The full listing, written out exactly and without images, is the expected result.

Source data:
▼▼▼

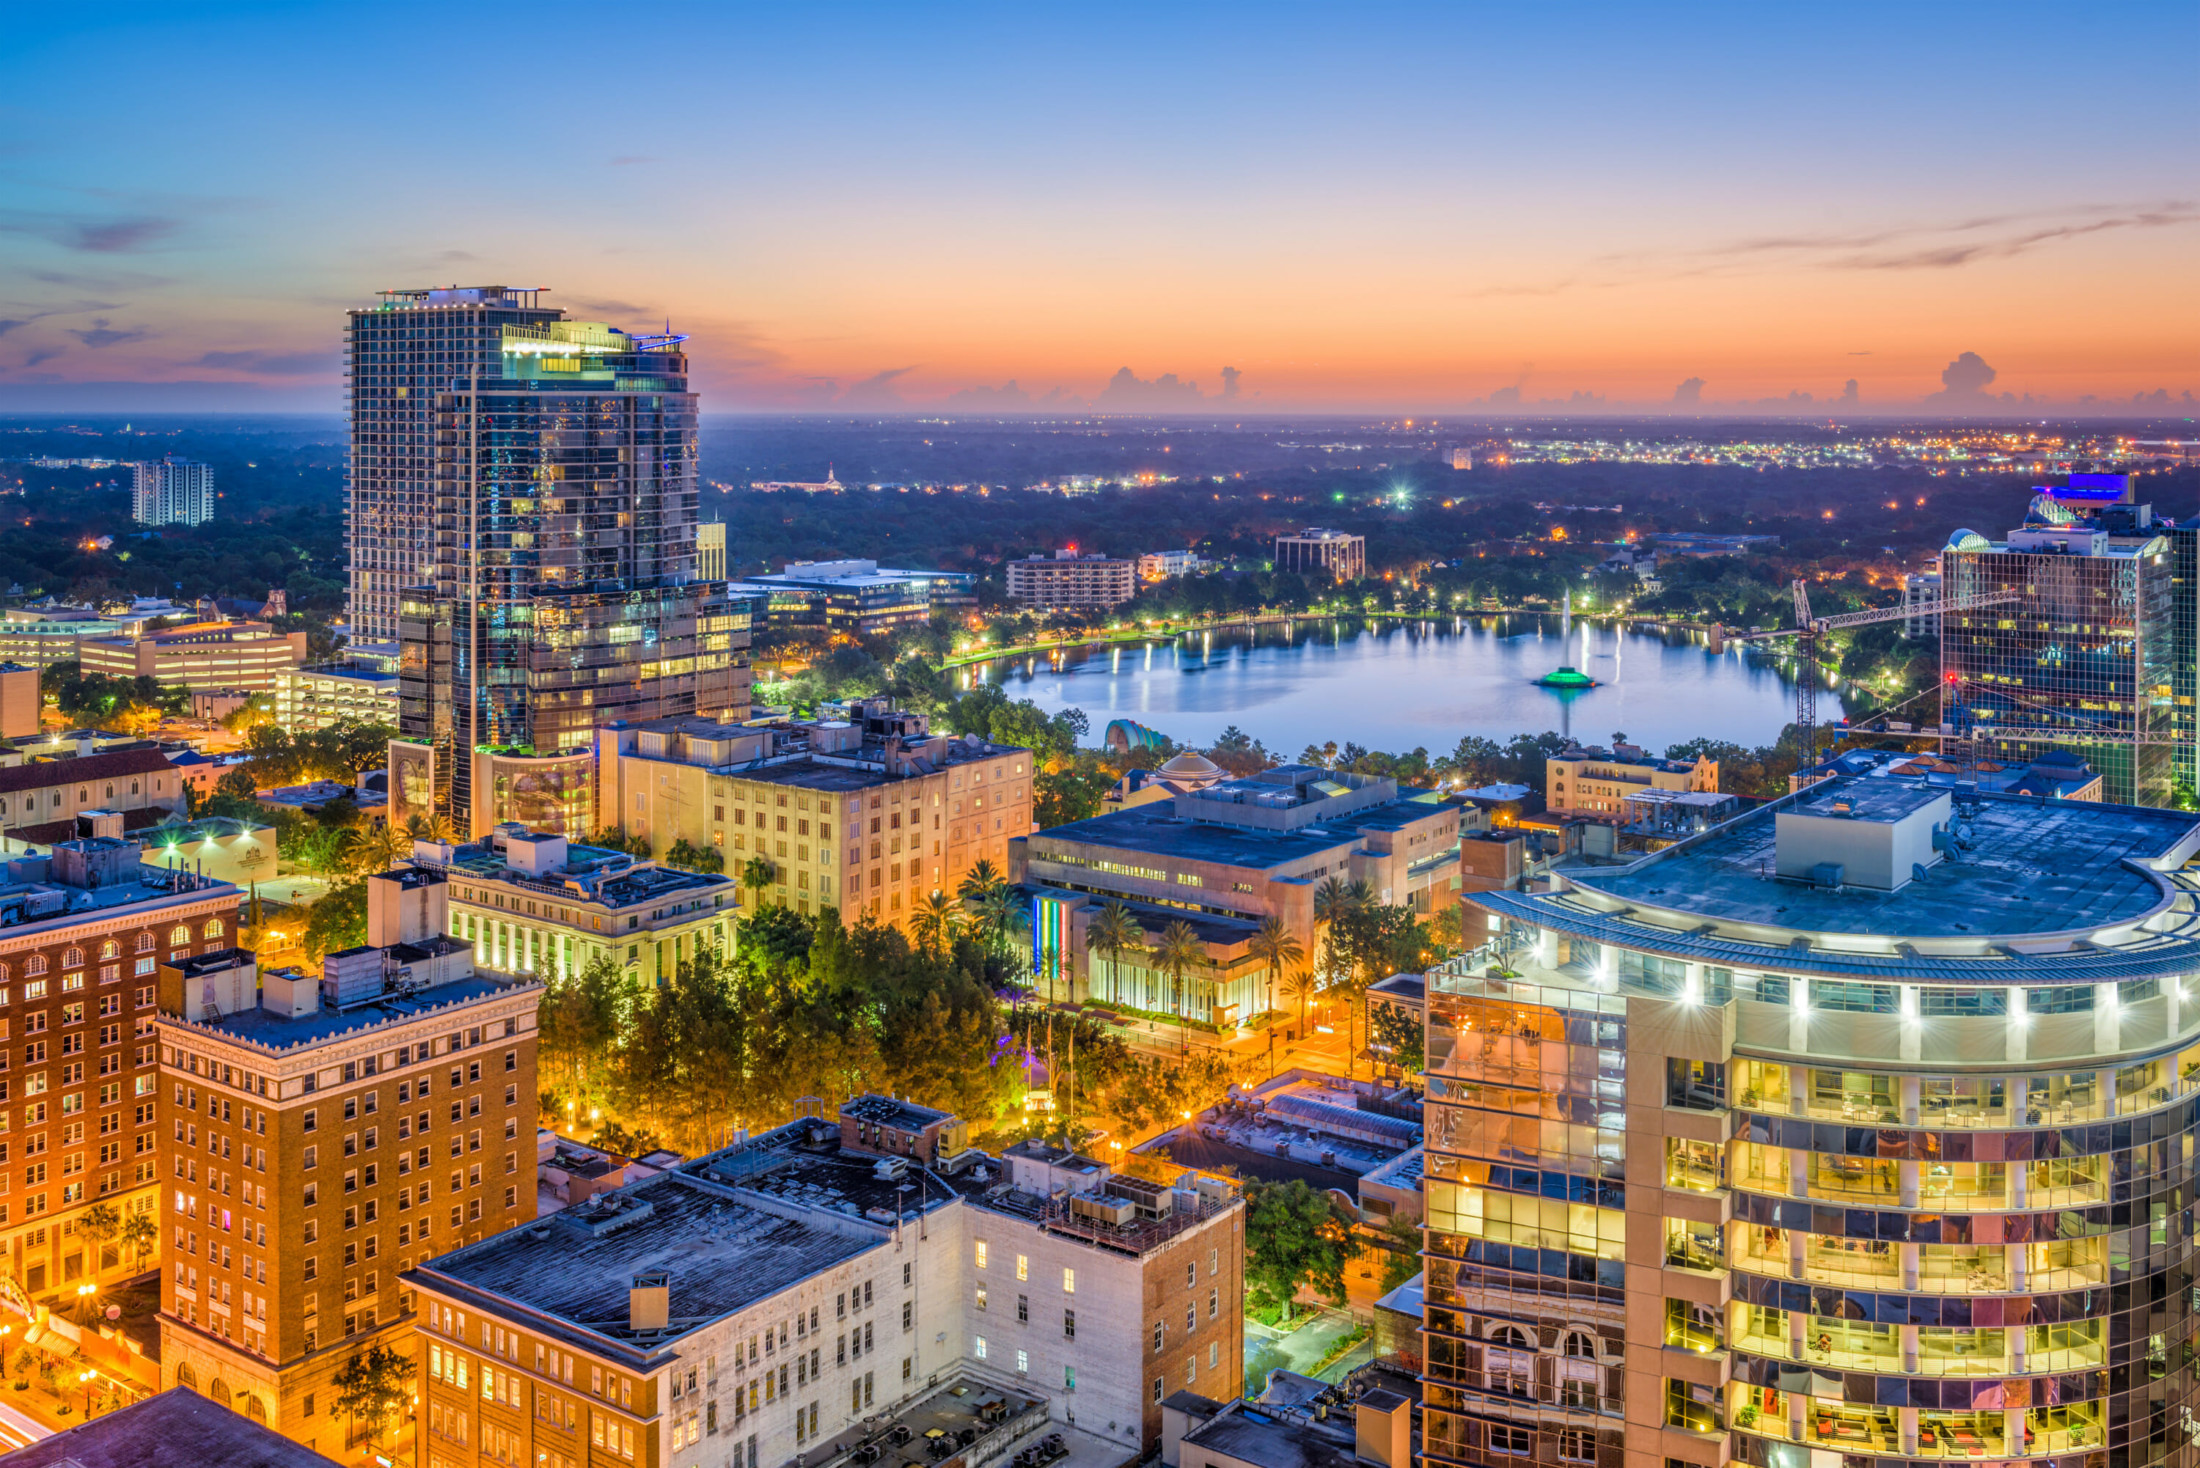 Orlando, Florida | 50 Up-and-Coming Real Estate Markets to Watch in 2019 | Buildium
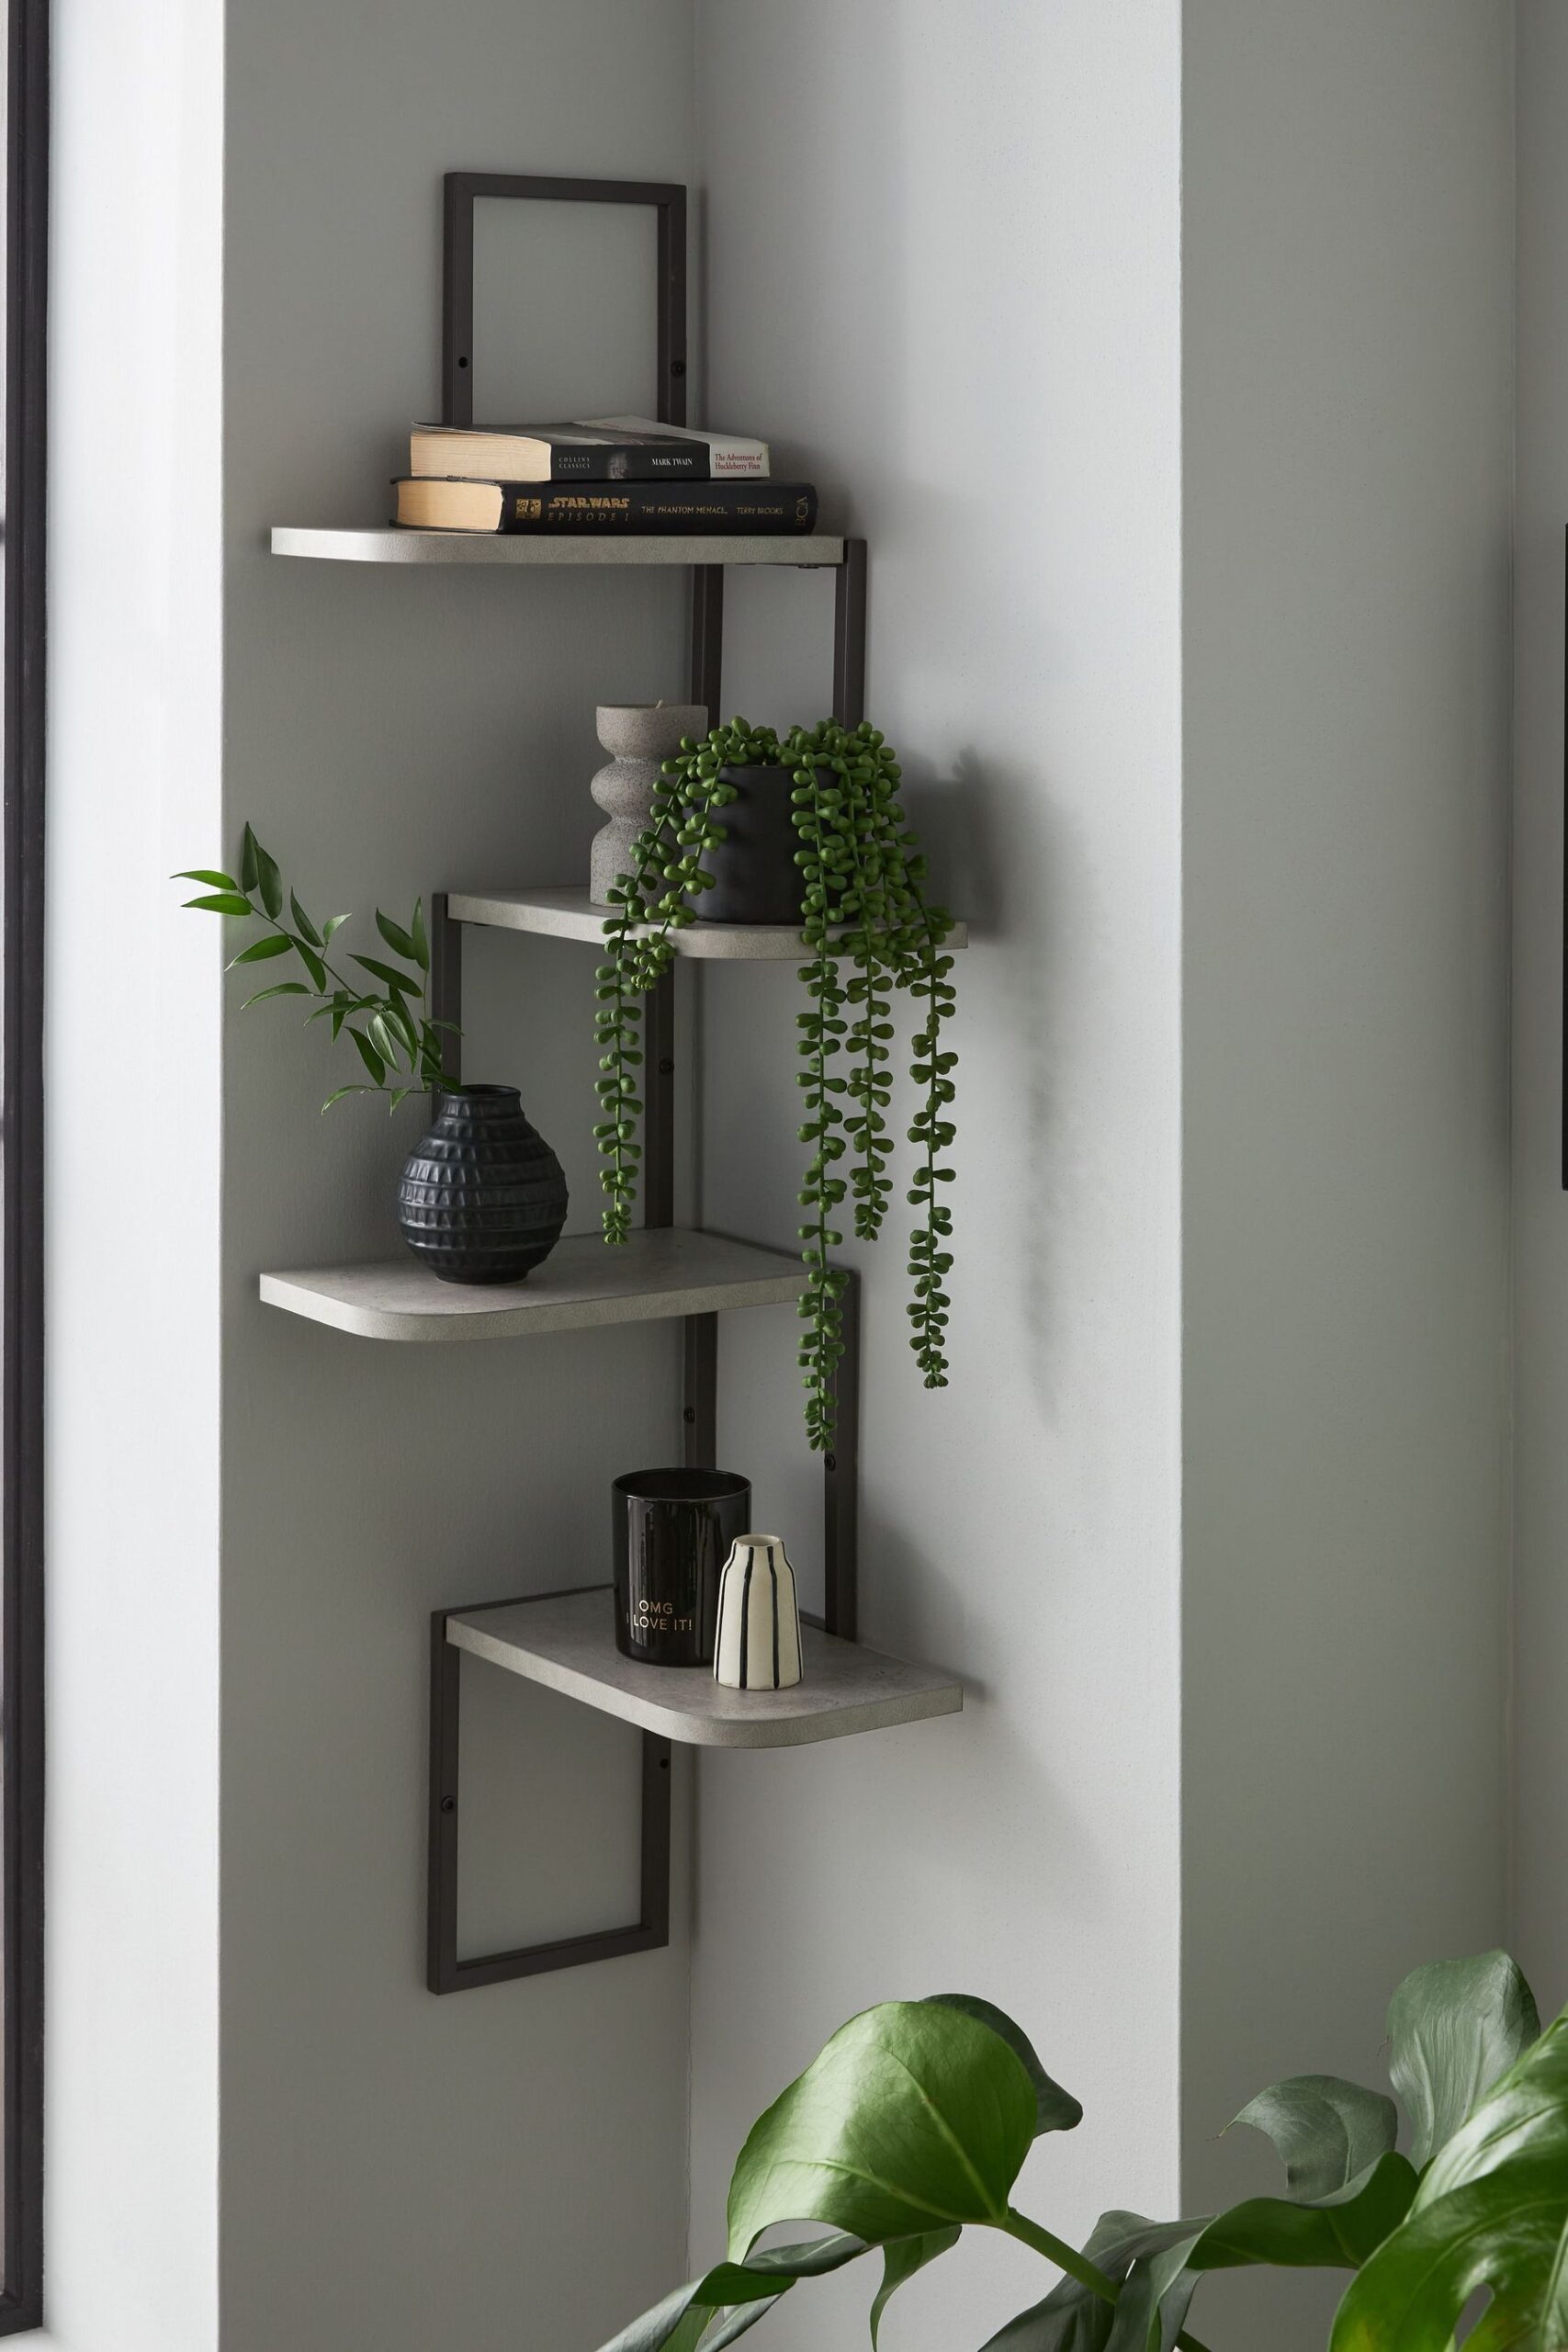 Creative Ways to Use Wall Shelving Units
in Your Home

▲▲▲

Completed task:
 Orlando, Florida | 50 Up-and-Coming Real Estate Markets to Watch in 2019 | Buildium
 Creative Ways to Use Wall Shelving Units
in Your Home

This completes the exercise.